Caoyuan: I’ve been coding for 25 years. I’m the author of the Scala plugin for NetBeans, and the author of a distributed, parallel, real-time stock trading platform based on Scala and Akka’s actor, which corresponds to the philosophy of the Reactive Platform. Before Scala and Akka, I wrote lots of Erlang and an Erlang plugin for NetBeans (but without updating for years). I joined Wandoujia one year ago.

Typesafe: So what is Wandoujia?

Caoyuan: First conceived in December 2009, Wandoujia (http://wandoujia.com) is China’s leading search engine for mobile entertainment, creating innovations with widespread influence over China’s mobile internet industry. Wandoujia has been installed more than 400 million times, with new installations each day exceeding 800,000. Its search index provides over one million choices in multiple content verticals: apps, videos, and ebooks, as well as supplying wallpapers, music, and themes from more than 130 content providers. Wandoujia also produces SnapPea (http://snappea.com), a line of international products for Android users beyond China.`

Typesafe: What is the role of Akka at Wandoujia?
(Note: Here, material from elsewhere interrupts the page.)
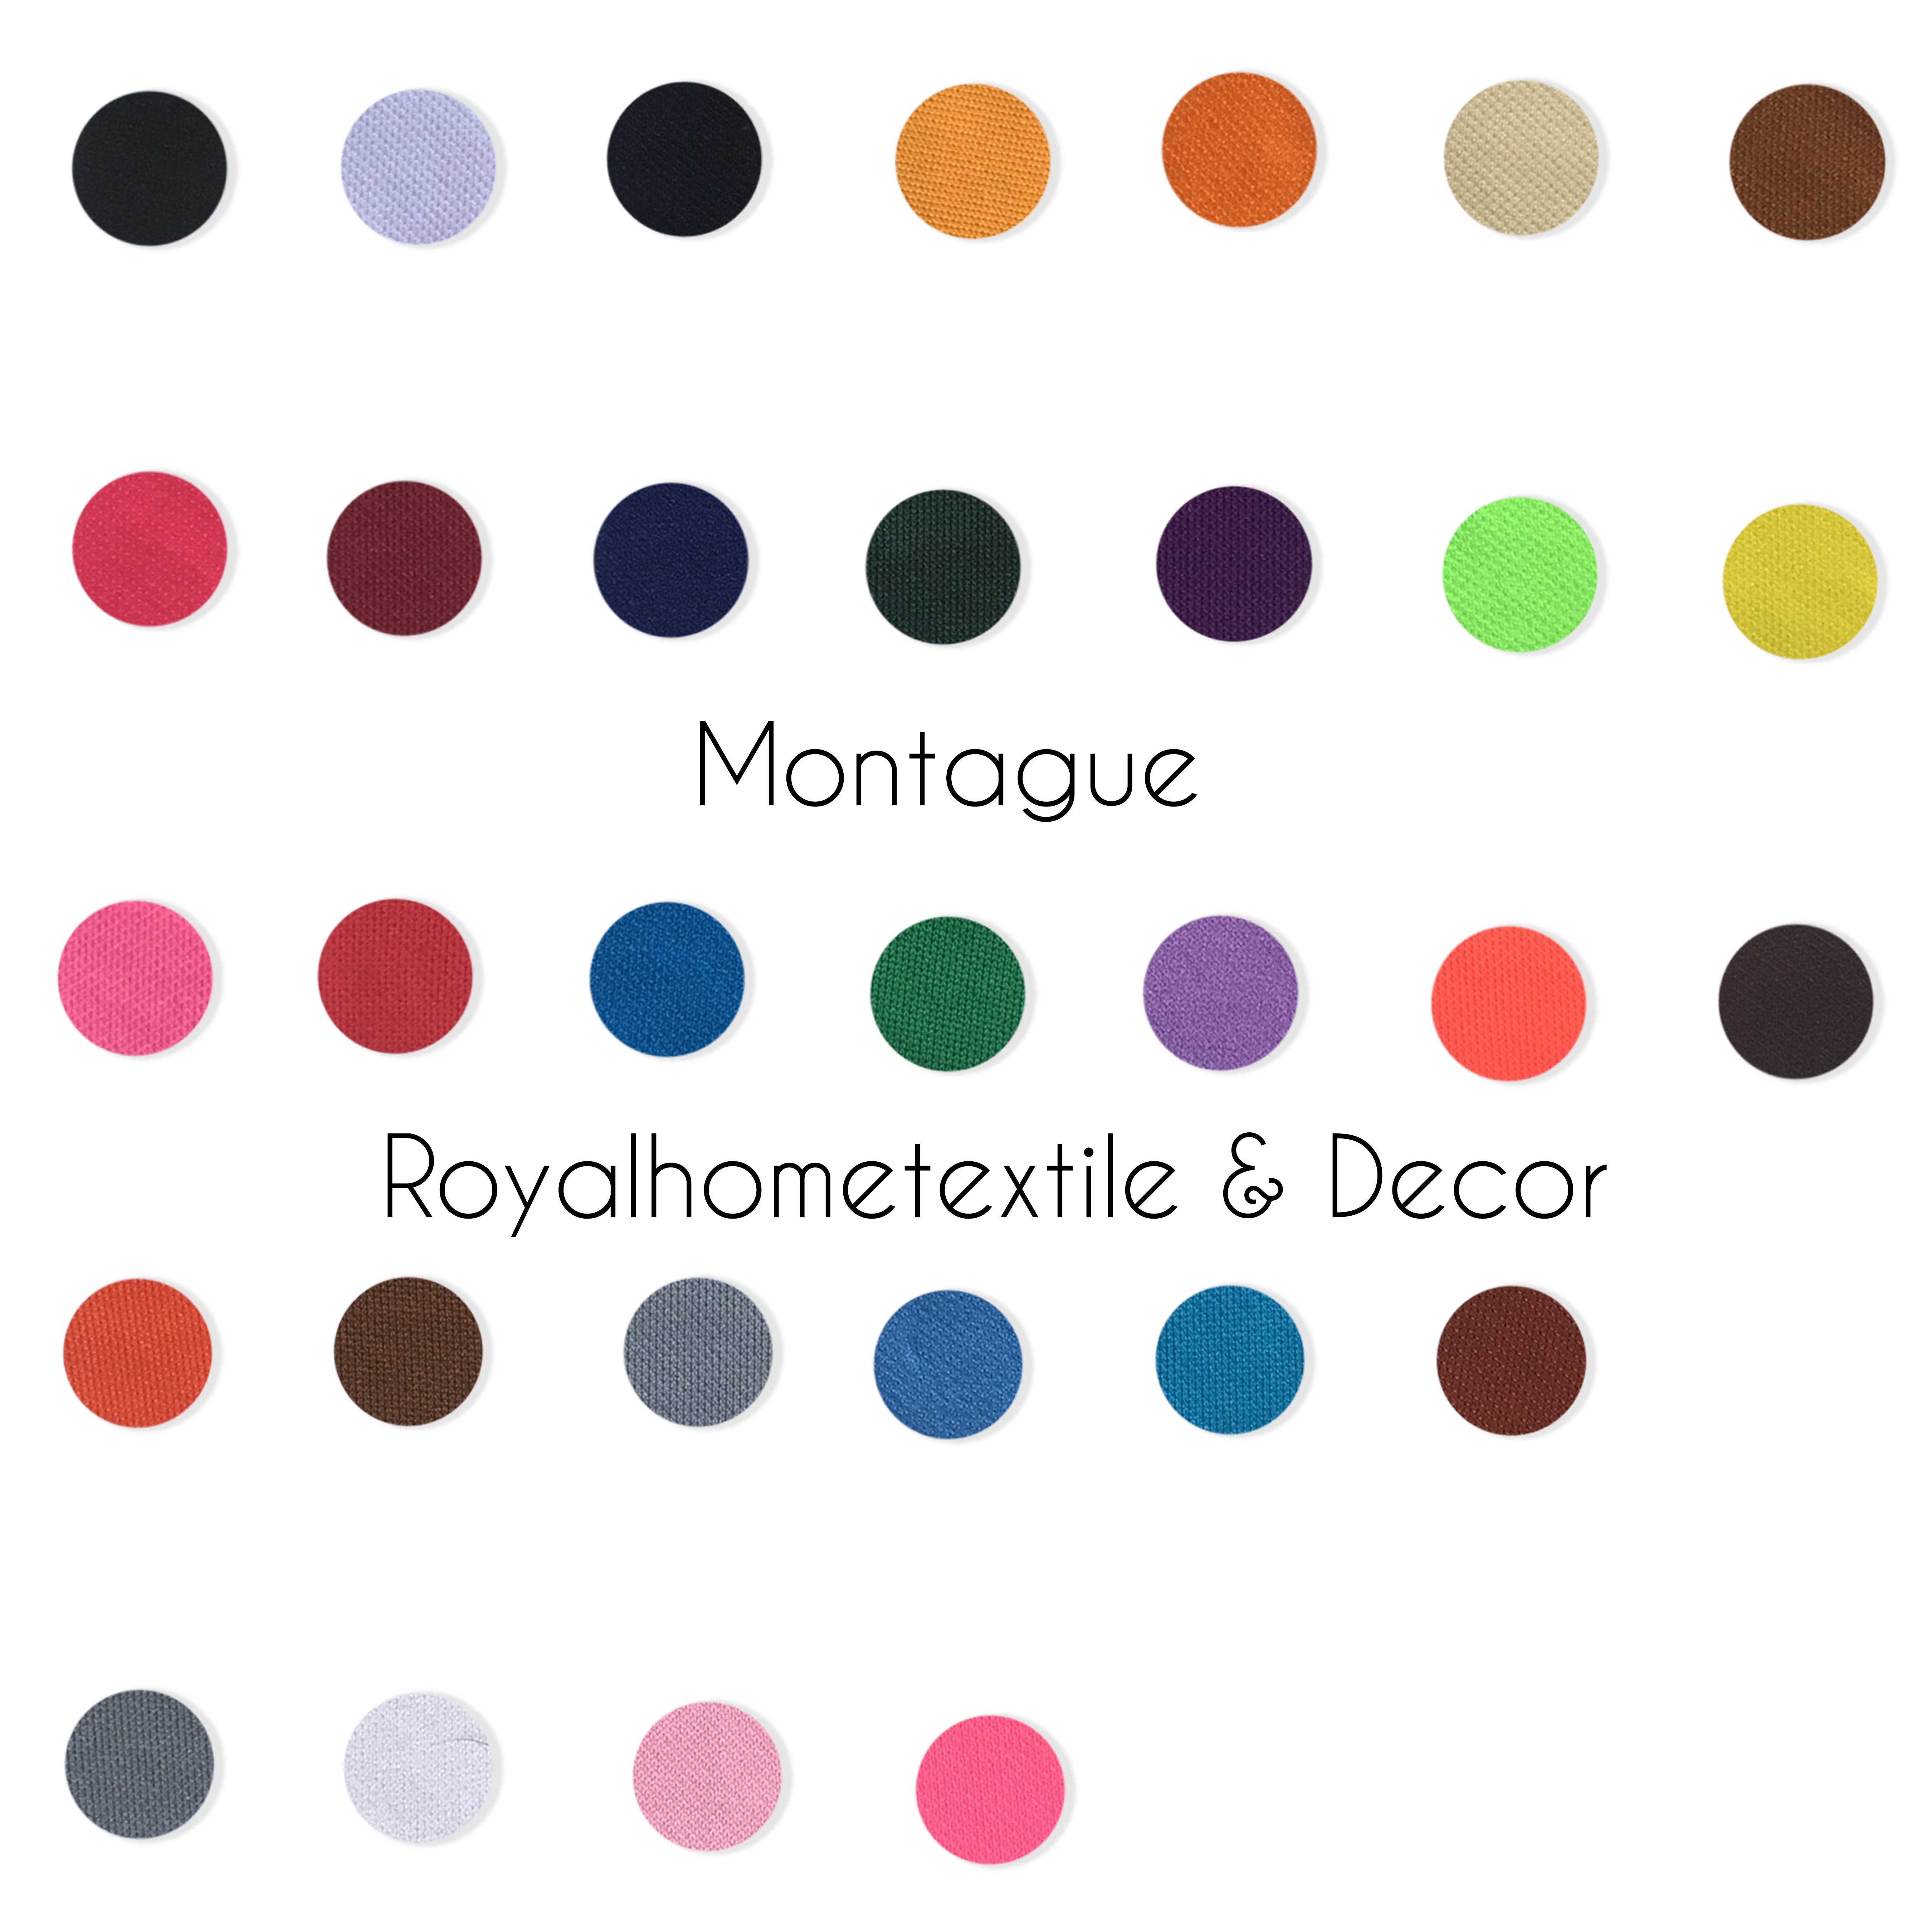 MONTAGUE/ผ้ามองตากูร์

Caoyuan: 10 million mobile devices connect to our system daily. We hope to serve them better via a real-time reactive platform, anywhere, anytime. In the Internet of Things age, The Network is shaping up to be a virtual world that reflects everyone’s daily life, or, The Network will map everyone’s life itself rather than just being part of their life as in the web age. We believe, in the long term, that reactive platforms will lead to such a virtual world.

To implement a real-time reactive platform, we created a persistent channel to connect each device to our backend, The System. That System thereby receives and reacts instantly to tons of events from these devices. That’s what Akka could stand for.
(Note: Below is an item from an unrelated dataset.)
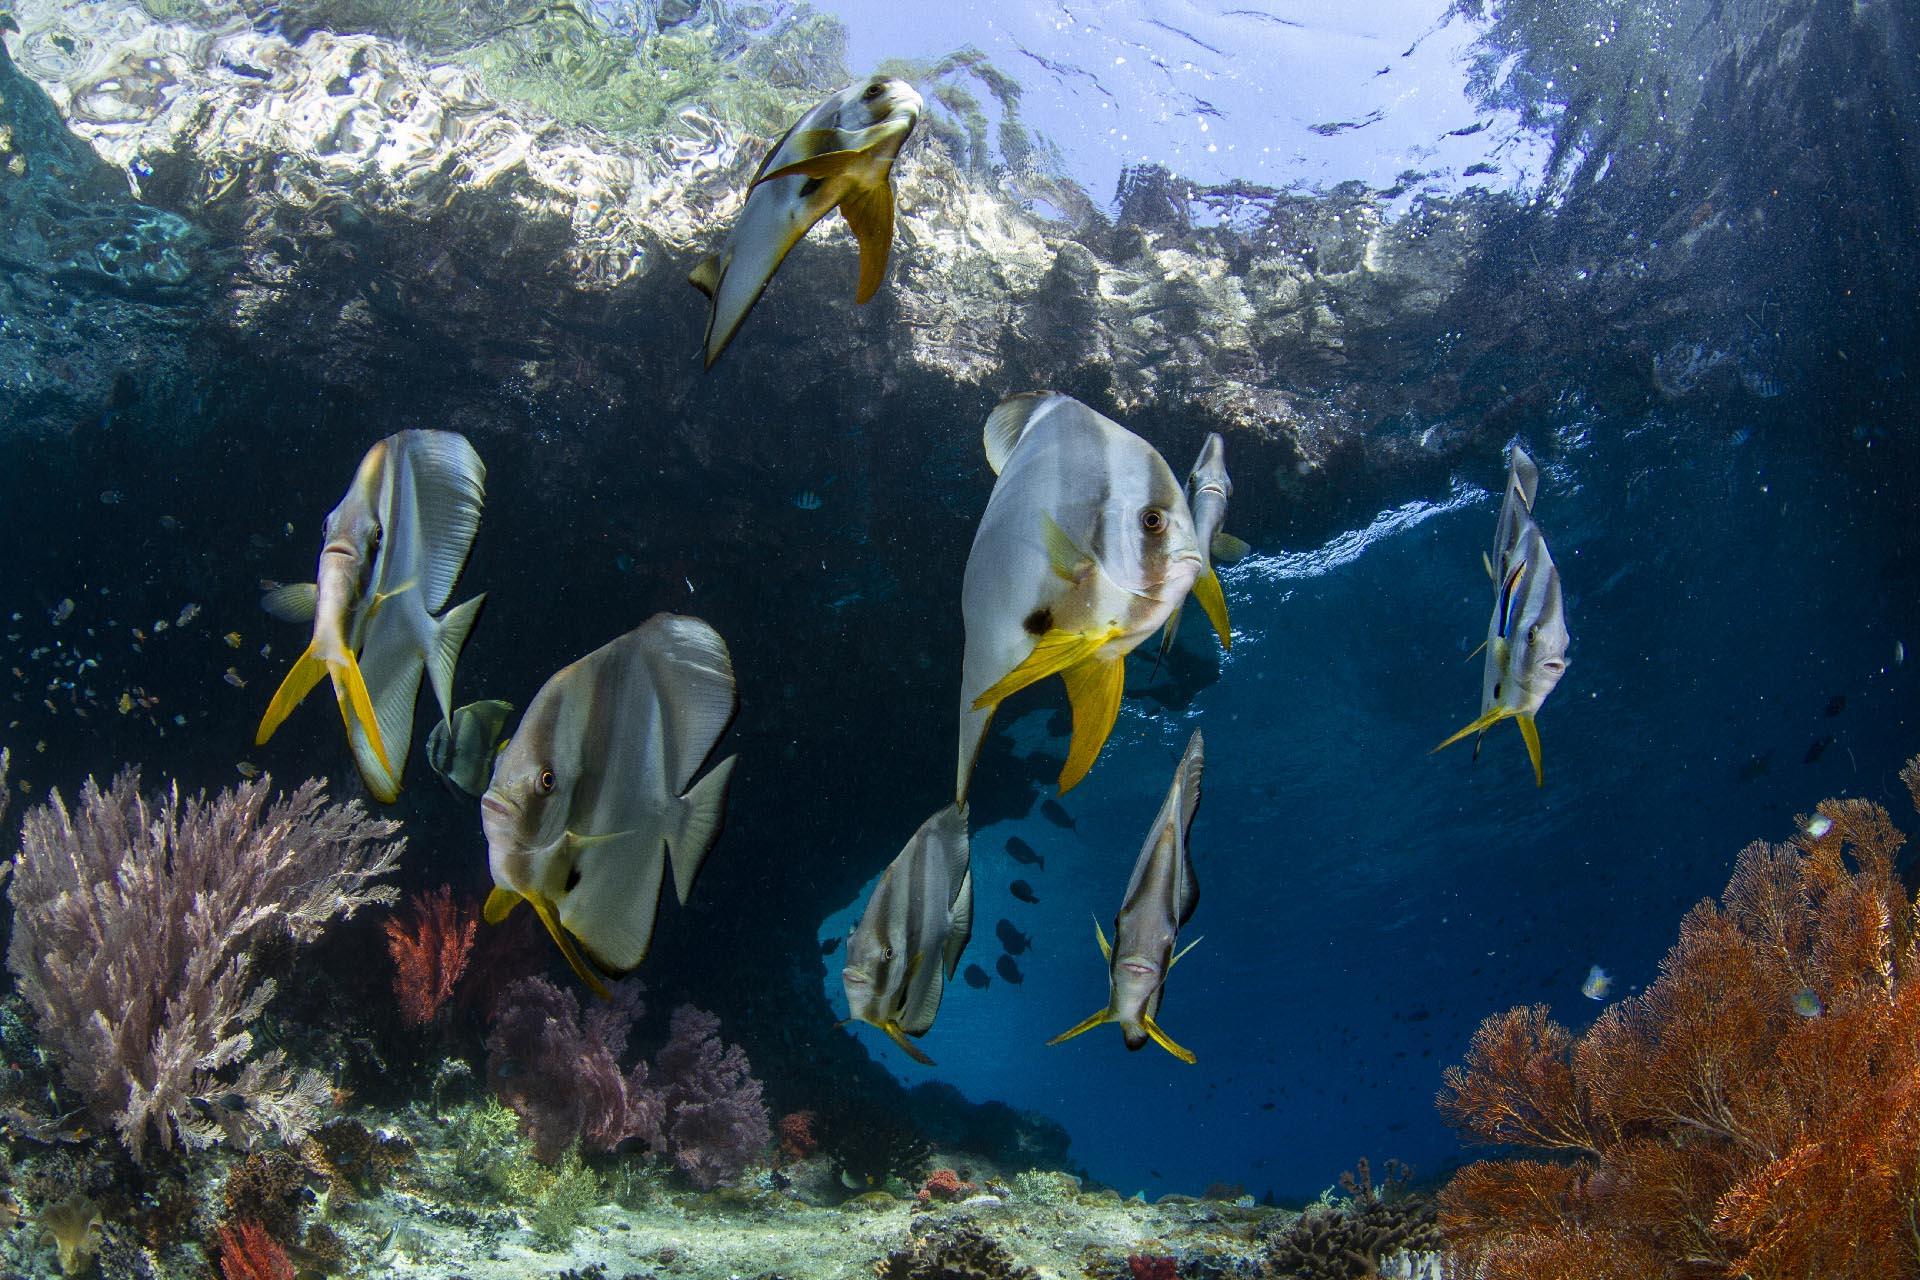 school of batfish in coral reef

I think that the Actor Model is perfect for the minimal or basic granularity of parallel computing and incremental computing, which reacts to coming events or changes, shifts states, fires outgoing events or changes, respectively. The parallel behavior is the entirety of the individual behavior of many many actors. From the view of such an actor model, every device is virtually an actor, and every user is virtually an actor, etc. The virtual world is running in parallel, driven by event streams, just as good as the real world. Akka provides the solution for this vision.

Typesafe: Can you tell us more about the use case of Akka in Wandoujia?

Caoyuan: As the first step toward a fully reactive platform in Wandoujia, we implemented a connect and status server cluster (base on our open-source project https://github.com/wandoulabs/spray-socketio). The cluster could be described as

  • The stateless transport layer
  • The stateful status layer
  • The event streaming interface for business logic

 

Long-Connections.png

The figure above shows the architecture of our system. The transport layer keeps the persistent connection for each device, one actor per device. The stateful layer corresponds to keep the status of each connected device. Distributed Region and Distributed Mediator are the interfaces for the business logic here, the Region is the resolver for status actors according to their identity, and all messages that are published to the Mediator are then transformed to a RxScala event stream that can be subscribed by the business layer later.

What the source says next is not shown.